Many things might have spooked me, my own fear, my own desperation, my own latent passions hidden within me.  I do not know for sure that it was God that lighted up my fear in order to change my mindset.  I do not know for sure, but I choose to believe that, perhaps, it was God.   I believe, perhaps, God is what sparked the spook, what ignited my deep-seated, but long ignored, desire for something deeper, my longing for a connection with the world, for a relationship with the eternal.  Perhaps God spooks us to jar us out of our daily existence, to fan the light of life within us, to quicken the pulse, to lighten the feet, to shorten the breath.  Perhaps God uses our spooks to shape us.  In the moments I’ve been spooked by the mystery hard enough to take notice, my defenses fail, my heart opens, and my perception clears.  In the breathless moment, I see with clarity and I respond.  As my heart-rate settles, I am not quite the same as before the spook.  I am just a little bit more alive, a little bit more transcendent.  

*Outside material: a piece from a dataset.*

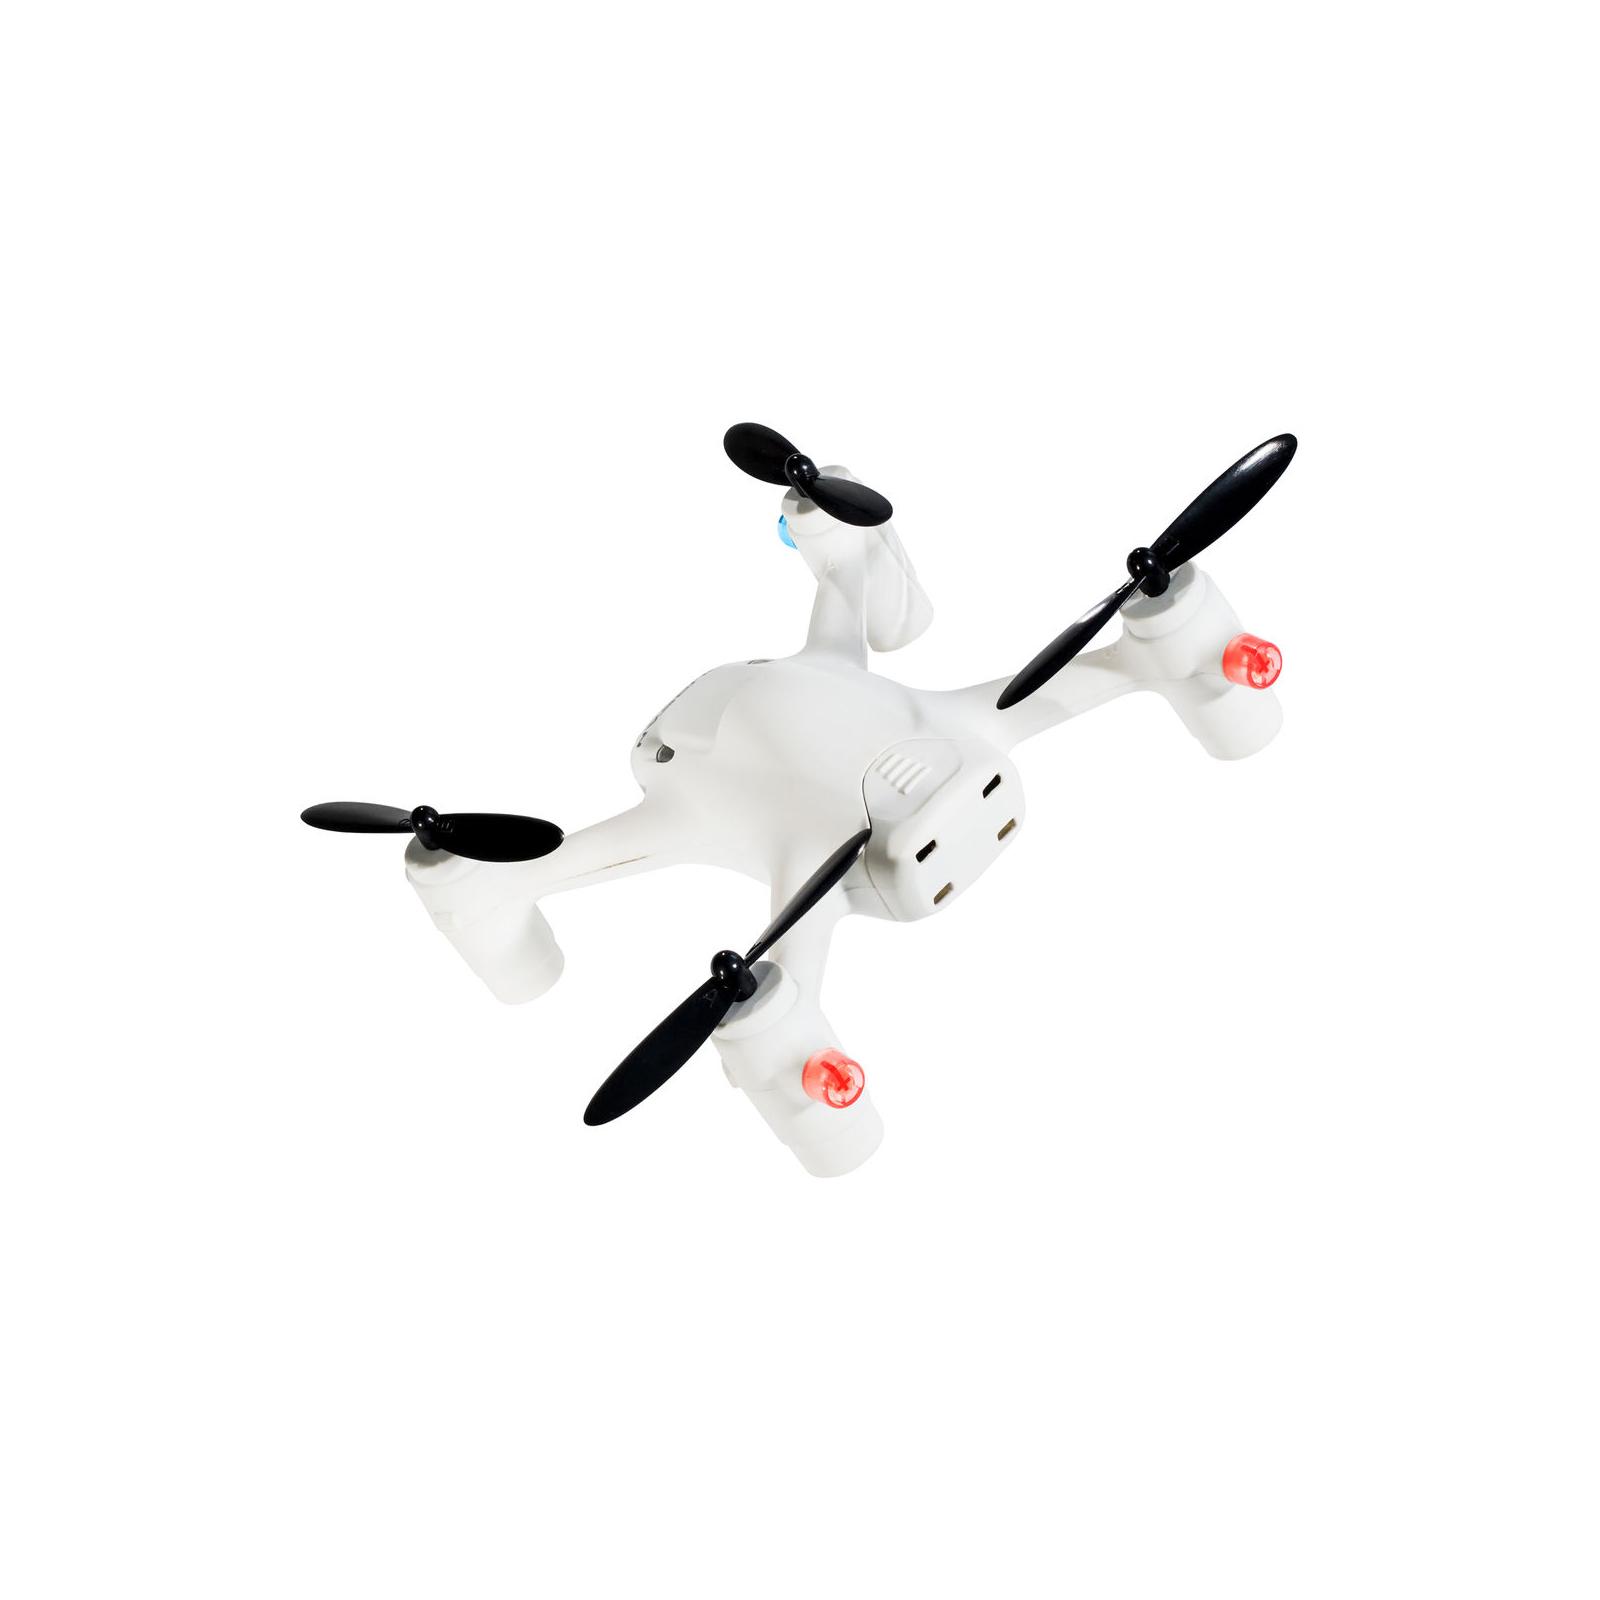 Квадрокоптер Hubsan H107C+ X4 2.4ГГц 4CH RC белый (H107C+ White HD Camera) изображение 8

One of my good friends, a psychologist, told me that fear is the great motivator; we only make positive changes in our lives when we are too afraid NOT to make the change.  When God spooks me, I want to feel the fear, I want to let it change my path.  I want my flight reflex to kick in and lead me closer to the eternal.  Perhaps God is begging us, haunting us, spooking us into noticing him.  And, perhaps, when we allow ourselves to be spooked, perhaps, we find the God we didn’t know we were seeking.


Schendizielos, E.N. (Ed.). (2015).  It Spooks:  Living in Response to an unheard call.  Rapid City, SD:  Shelter50.